A soil mass is composed of small solid particles which we call the soil grains. These soil grains when depositing in a soil mass arranges themselves in a way that some amount of empty space is enclosed between them. We call these spaces voids.
When rainfall occurs on this soil surface the rain water percolates through these voids and flows down through the soil under the influence of gravity.
This water under the ground surface exists in two forms,
1. Free water
2. Held water
Free water is ground water that moves inside the soil under the influence of gravity. So it is also called Gravitational water. It completely fills and saturates the voids present in the soil.

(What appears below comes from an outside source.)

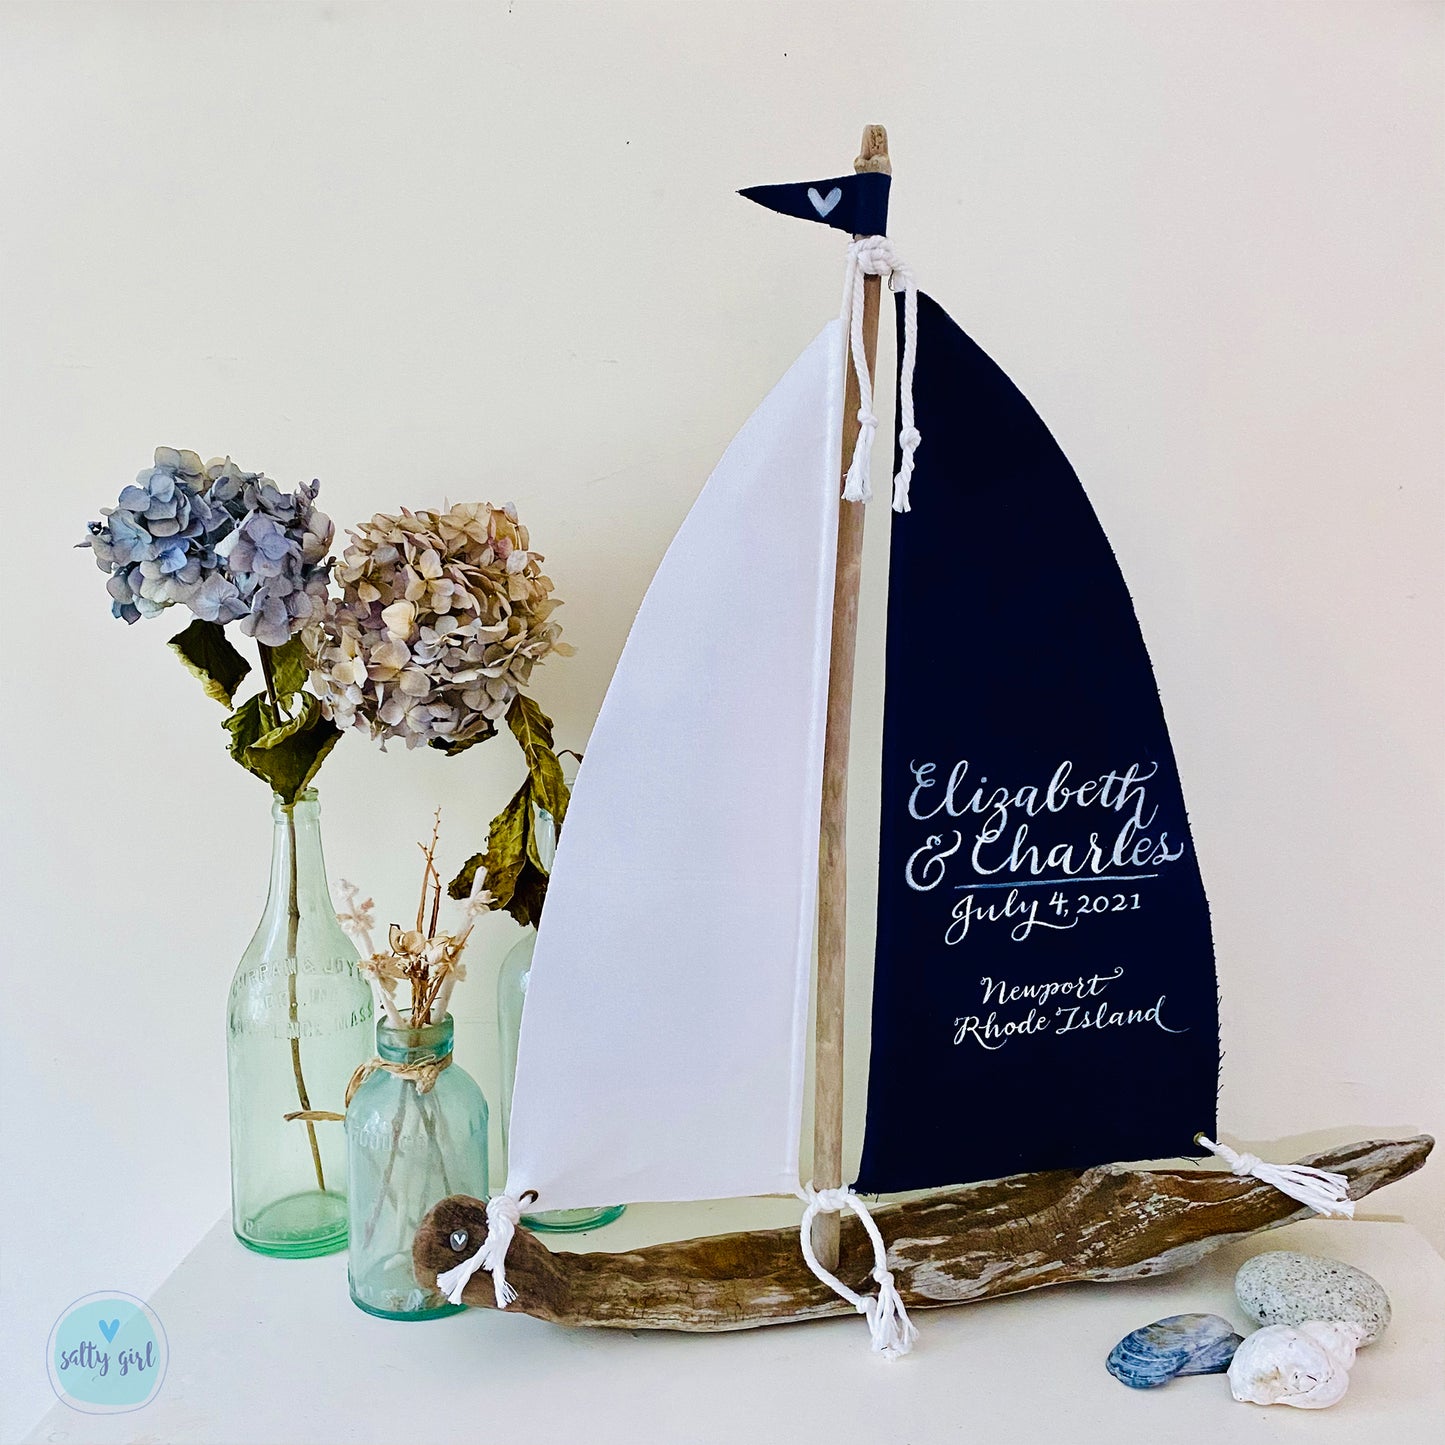 Driftwood Sailboat Centerpiece - Large 24" Wedding Table Sailboat - Custom Bride & Groom Keepsake

To measure the level of free water underground we make observation wells into the ground. The level up to which the underground water rises in the well is the level of free water. This level is called ground water table.
The water present at the water table experience atmospheric pressure and below this level pressure on the water increases with depth and all the water present in the voids below water table is in compression.
Now the held water is the retained water in the pores which cannot move under the influence of gravitational force.
This water can be adsorbed water if the soil is clay. In case of clay soils adsorbed water is held by electrical charges possessed by the minerals of the soil. This electrically attached water is also called hygroscopic water. For coarse grained soils, the amount of adsorbed water is negligible or zero.
Sometimes water molecules travel in upward direction in the soil even against the gravitational forces. It seems contrary to our belief but we can see the similar effect when we immerse the edge of a cloth or of a piece of paper into the water. Both cloth and paper will gradually become moist and wet up to some height above the water level.
It happens because of a phenomenon called the capillarity or capillary effect. Capillary effect is the ability of a liquid to flow in narrow spaces without the assistance of external forces. This risen water is called capillary water.
To understand the capillary effect in soils we can compare the voids present between the soil grains with a very small-diameter glass tubes called capillary tubes, because these voids are interconnected and form a channel of tube like structure which is comparable to the capillary tubes. Although the channel formed by these interconnected soil pores are not circular in cross-section like a capillary tube but still the comparison is useful to understand the phenomenon of water rise in soils against gravity.
Let’s say the diameter of the glass tube is D and its one end is immersed in water. If the diameter of the tube is sufficiently small we would notice the water has risen to some height above the free water surface. The forces that pull the water up into the tube above the free-water surface are known as capillary forces.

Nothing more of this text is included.